Feature image: Courtesy of Amanda Milligan.
By Xiao Faria daCunha
On a dimly lit stage, a dancer is seated elegantly in a wooden chair. She fidgets in her seat, stretching her limbs as if slowly waking up from a trance. The movements gradually intensify, but the lady still appears to be invisibly confined within a certain radius around the chair. It is only when the dancer removes her dress that she gains full freedom. Liberated, the lady strides across the floating white balloons pinned to the stage’s floor. The balloons get pulled and tangled as she bends, reaches, and rolls. Their shadows cast into deformed clusters on the back wall. Toward the end, the staff enter the stage, remove the balloons, and finally, the chair, leaving the dancer staring into the empty room. Light’s out.

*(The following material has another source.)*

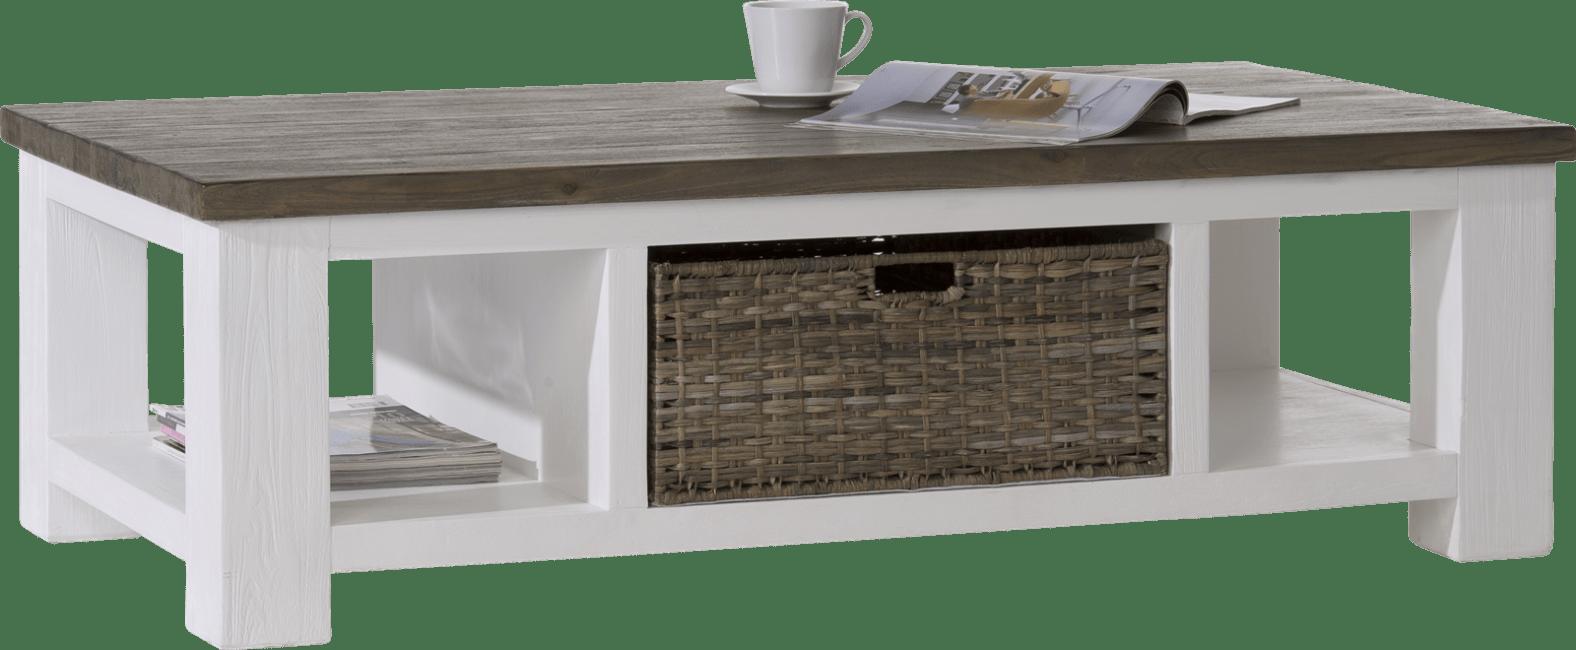 Deaumain - salontafel 130 x 70 cm 1-mand t&t + 2-niches
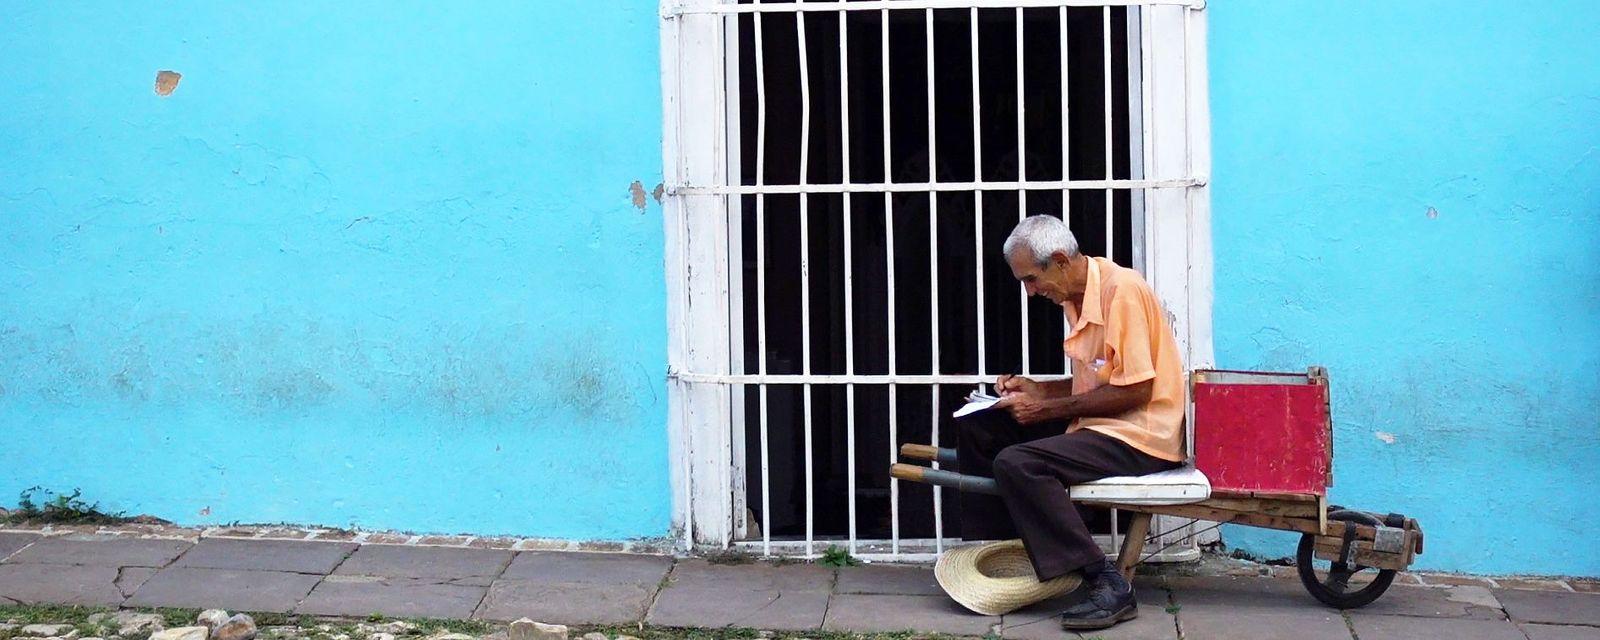 Luis Martinez, Cuba's 'imaginary tourist' (Credit: Credit: Alice Bellincioni & Giulia Paltrinieri)

“Lady” was the first piece in a new body of work by Chicago-based dancer and choreographer Amanda Milligan. The series is inspired by the works of American painter John Singer Sargent, whose portraits primarily capture the women of the Edwardian Era high society.
For Milligan, choreographing after a visual art piece is an act of restoration, imagination, and exaggeration. “We know so much about John Singer Sargent, but barely anything about the women he painted,” said Milligan. “Who were they? How did they feel?”


For example, the “naked” lady was far more active and mobile, interacting with the balloons with curiosity and frustration. By undressing her, Milligan freed her. At the same time, she reminds the viewer that while the painted woman is two-dimensional, their existence was not — the painting omits and erases the subject’s true identity.
In “Queens Head,” inspired by “Ellen Terry as Lady Macbeth,” the dancer wears a weighted cape with various fabrics representing the victims in Lady Macbeth’s story, following a choreography guided by significant lines spoken by the murderous queen. This combination investigates the emotions and struggles the mad queen experienced throughout the story and the labor demanded from the actress to portray such a character on stage.
The next piece, “Ruckus,” is named after “El Jaleo (The Ruckus),” one of Sargent’s earlier paintings capturing the livelihood of the commoners. Here, Milligan goes behind the scenes: one dancer plays Sargent, dancing with the female dancer during the first half, then sits to the side with a paper pad while a character study (created by Chicago-based artist Ava Leldo) comes together via projection on the backdrop. This multimedia approach honors the creative process while recreating the passion, noises, and livelihood excluded from the completed painting.

“I love Sargent’s work, but we also must be honest that he was fully coming in from the lens of the male gaze,” said Milligan. “ I wanted to step in so we can look at these women from a female lens to restore these women’s complex humanity that got lost in the paintings.”
“Lady”, “ Ruckus” and “X” will premiere in Chicago on June 20th and 21st at Chicago Danztheatre Ensemble Theatre (1650 W Foster Ave, Chicago, IL 60640) as part of “A Gallery of Dances,” a multi-story, multimedia dance performance produced by Chicago-based Dance Company, Darvin Dances.